Huang laid out the GPU roadmap, which continues the trend of doubling the GFLOP performance per watt every two years. This is an important point to NVIDIA — they are very much focused on making the processing much more energy efficient over time. It’s a big deal and an important distinction for the future. This is something frankly you don’t see much in CPU development from Intel, especially on the desktop. As installations such as large render farms scale in size, this differentiation will become critically important (it already is).
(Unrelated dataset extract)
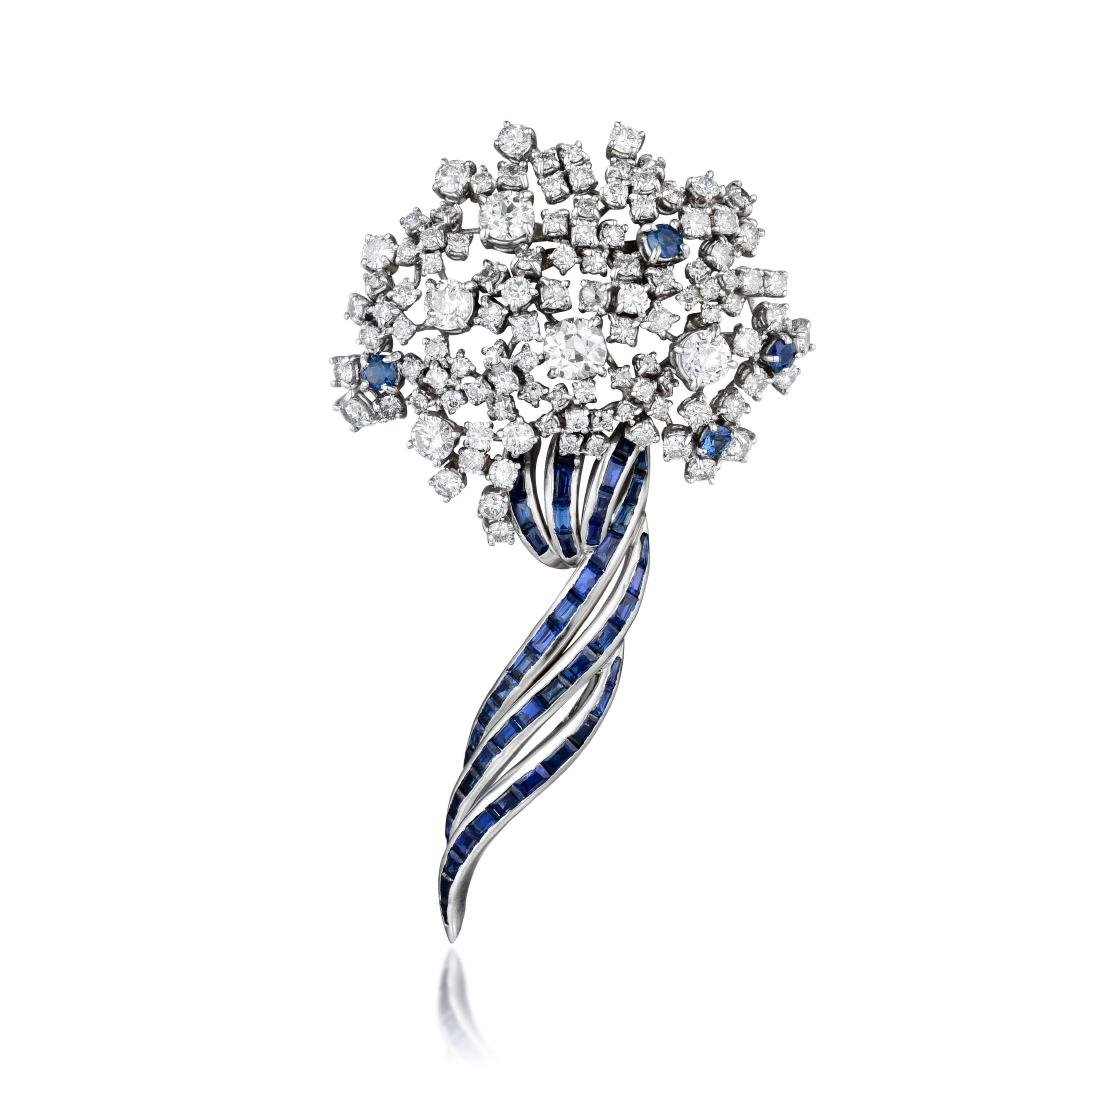 A Diamond and Sapphire Platinum Brooch

Especially if some of the shortcomings dealing with memory access can be addressed in the GPU in the future. And it looks like it will be dealt with.

The next iteration, Maxwell, is due in 2014 and aims to have “unified virtual memory”. This makes it possible for the GPU operations to read and see the CPU memory and the CPU to see the GPU memory.

What does this tech mean for you?

Effectively, the bottom line is that it should make it easier to program for the GPU, which means better and more efficient tools for artists.

Kepler GPU memory
Kepler GPU memory

The next step, Volta (due date was not given), is a nod to Alessandro Volta. Volta is credited with inventing the battery, and Huang says the name conveys the fact that they aim to make the architecture even more energy efficient. But the big news in Volta is the memory.

In the current Kepler architecture, the GPU chip is surrounded by the memory. And while the bandwidth of the memory on a GPU is greater than that on the CPU, there simply isn’t enough memory on the GPU for many of the tasks needed in vfx and post. Moving data from the GPU to the memory chip on the card is inefficient as the card itself has speed limitations due to its size and it actually takes (relatively) considerable power consumption to do the move.

Volta: Stacked DRAM
Volta: Stacked DRAM

In Volta, the new generation will come with something new called “stacked DRAM”. This will solve having to get memory off the actual GPU chip and onto the surrounding board. The solution is to  actually move the memory and stack multiple memory chips it on top of the GPU on a silicon substrate (a slice of silicon). They then cut through the memory, directly connecting the memory to the GPU.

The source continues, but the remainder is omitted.